Entretien avec Tom Martin, fondateur de Paraleclypse, un studio bordelais de distribution indépendant de films de court-métrage. Des festivals locaux aux diffuseurs internationaux, les séances Fractures proposées par le studio s’imposent dans le champ cinématographique local et bientôt francophone.
Le Type : Pourquoi être passé du festival à la salle ?
Tom Martin : Le festival est essentiel, mais ponctuel. Beaucoup de courts s’arrêtent là. Avec Paraleclypse, on vise une diffusion continue et réelle, en salle. Le temps long, l’expérience partagée. On a fait un prêt de 20 000 € pour construire un catalogue, acheter des droits et aller en festival mais surtout pour faire tourner ces films dans des salles indépendantes. C’est une manière de rendre le format visible au-delà du virtuel.
Le court reste un objet marginal auprès des publics.
Tom Martin (Paraleclypse)

En quoi le studio Paraleclypse est-il devenu un acteur clé du court ?
Je dirais qu’il existe un vide. La production de courts reçoit des financements de près de 15 millions d’euros par an via le Centre national du cinéma et de l’image animée, mais la diffusion est peu soutenue. Le court reste un objet marginal auprès des publics. Ce type de distribution n’est que « très peu » représentée.
Nous, on essaie de prendre ce relais : on achète des droits, on prépare des programmes, on cible des salles. On interagit avec des élu·es au niveau local en Nouvelle‑Aquitaine pour inscrire durablement cette forme dans les politiques culturelles territoriales. On parle aux salles, aux publics, aux producteurs : on joue un rôle de médiateur culturel.
Le succès du court-métrage Les Belles Cicatrices est-il prometteur pour les formats courts ?
Oui. Ce court-métrage d’animation de Raphaël Jouzeau, sélectionné à Cannes, a été diffusé sur ARTE, démontrant qu’un circuit alternatif peut toucher un large public. Et même devenir une vraie trend TikTok démontrant son impact aussi bien « cinéphile » que « populaire ».
Nous allons d’ailleurs contribuer à sa distribution en salle dans un programme de plusieurs court-métrages début 2026. Voir un format court rencontrer un tel succès populaire est vraiment encourageant pour la suite.
On cherche à créer des temps collectifs autour du format court. (…) Ce n’est pas tant une fuite numérique, qu’un choix politique : privilégier l’espace public à l’écran de poche.
Tom Martin (Paraleclypse)
Pourquoi ne pas privilégier le streaming, beaucoup moins coûteux ?
On mise sur le contact humain, pas sur les recommandations et les algorithmes. Chaque film est programmé pour une seule séance qu’on promeut. On fait ça hors des plateformes, en cherchant à créer réellement des temps collectifs autour du format court. Ce n’est pas tant une fuite numérique, qu’un choix politique : privilégier l’espace public à l’écran de poche.

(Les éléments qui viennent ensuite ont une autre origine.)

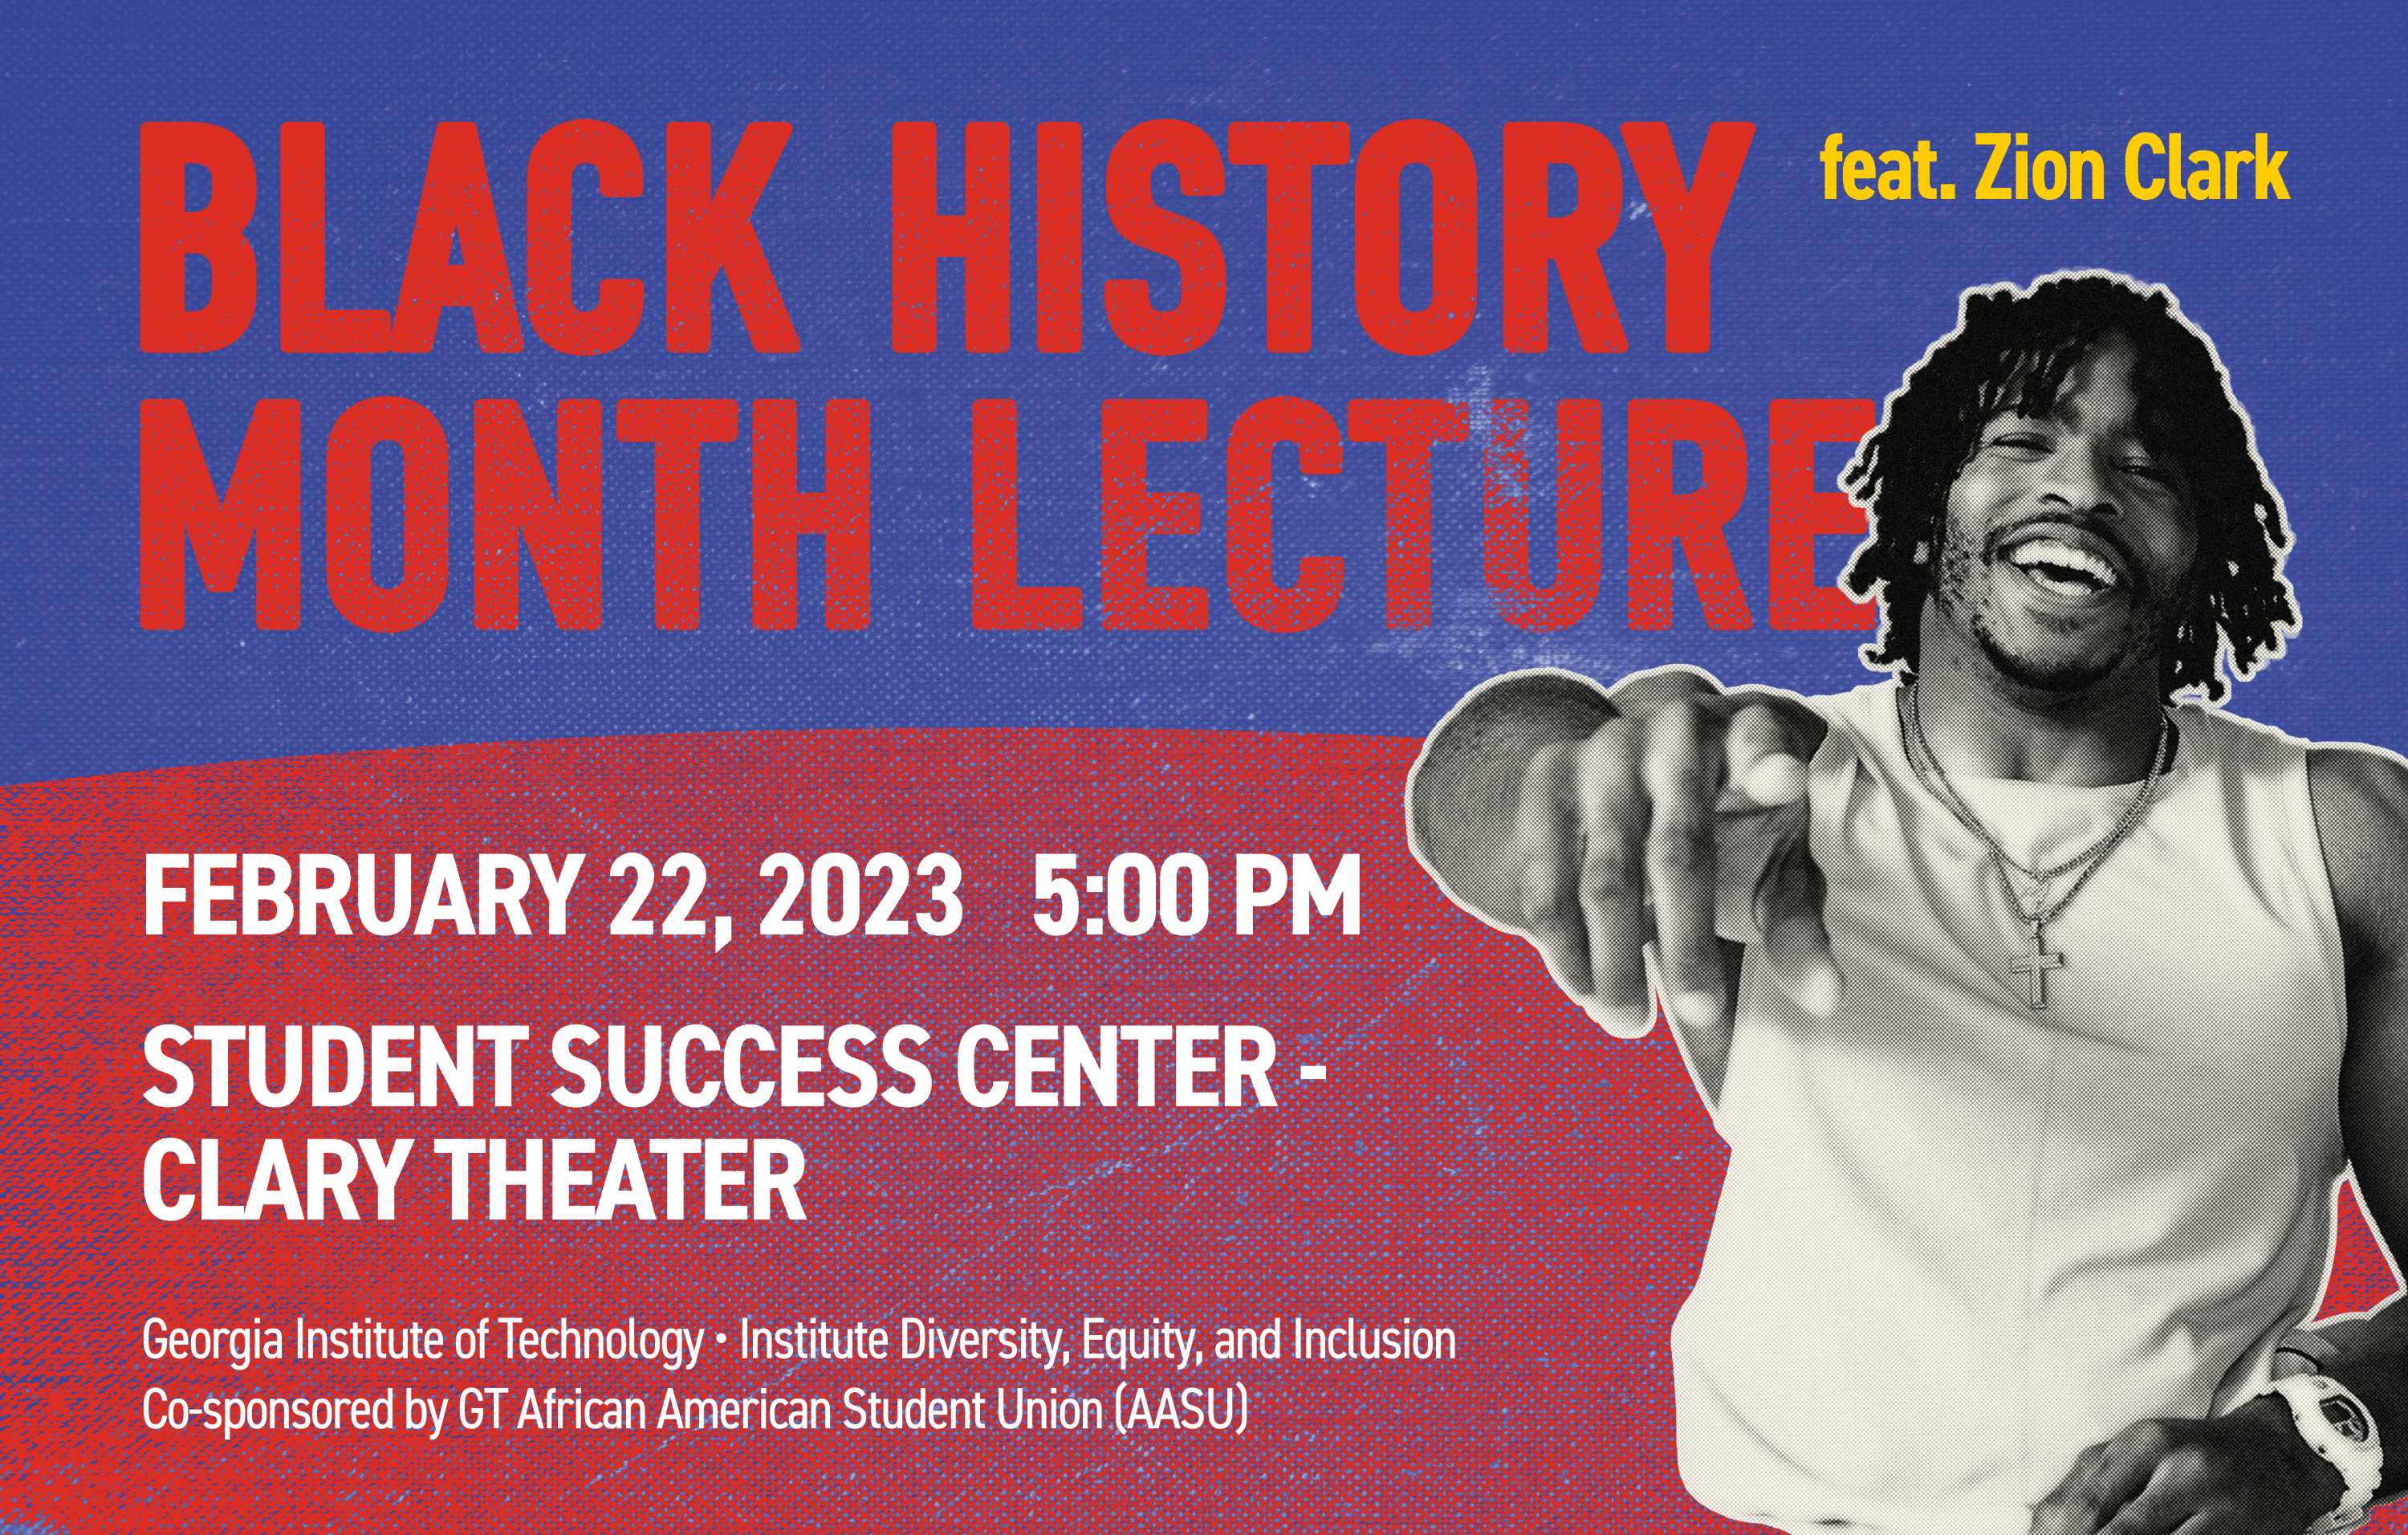 The 2023 Black History Month Lecture will be held on February 22, 2023, featuring Zion Clark, an All-American wrestler, and wheelchair racer.

C’est un rôle politique et culturel : affirmer le court-métrage comme un format à part entière.
Tom Martin (Paraleclypse)
Quelles ambitions pour l’avenir de Paraleclypse ?
On a eu une belle année ; de nombreuses diffusions à Cannes, Bordeaux, Annecy ou même Biarritz on veut consolider nos relais en Nouvelle-Aquitaine, ouvrir une antenne à Paris, aller vers d’autres territoires. Il faudra aussi interpeller les collectivités pour développer des aides à la distribution, pas seulement à la production. On a un rôle politique et culturel : redonner au court métrage sa place au sein du cinéma français.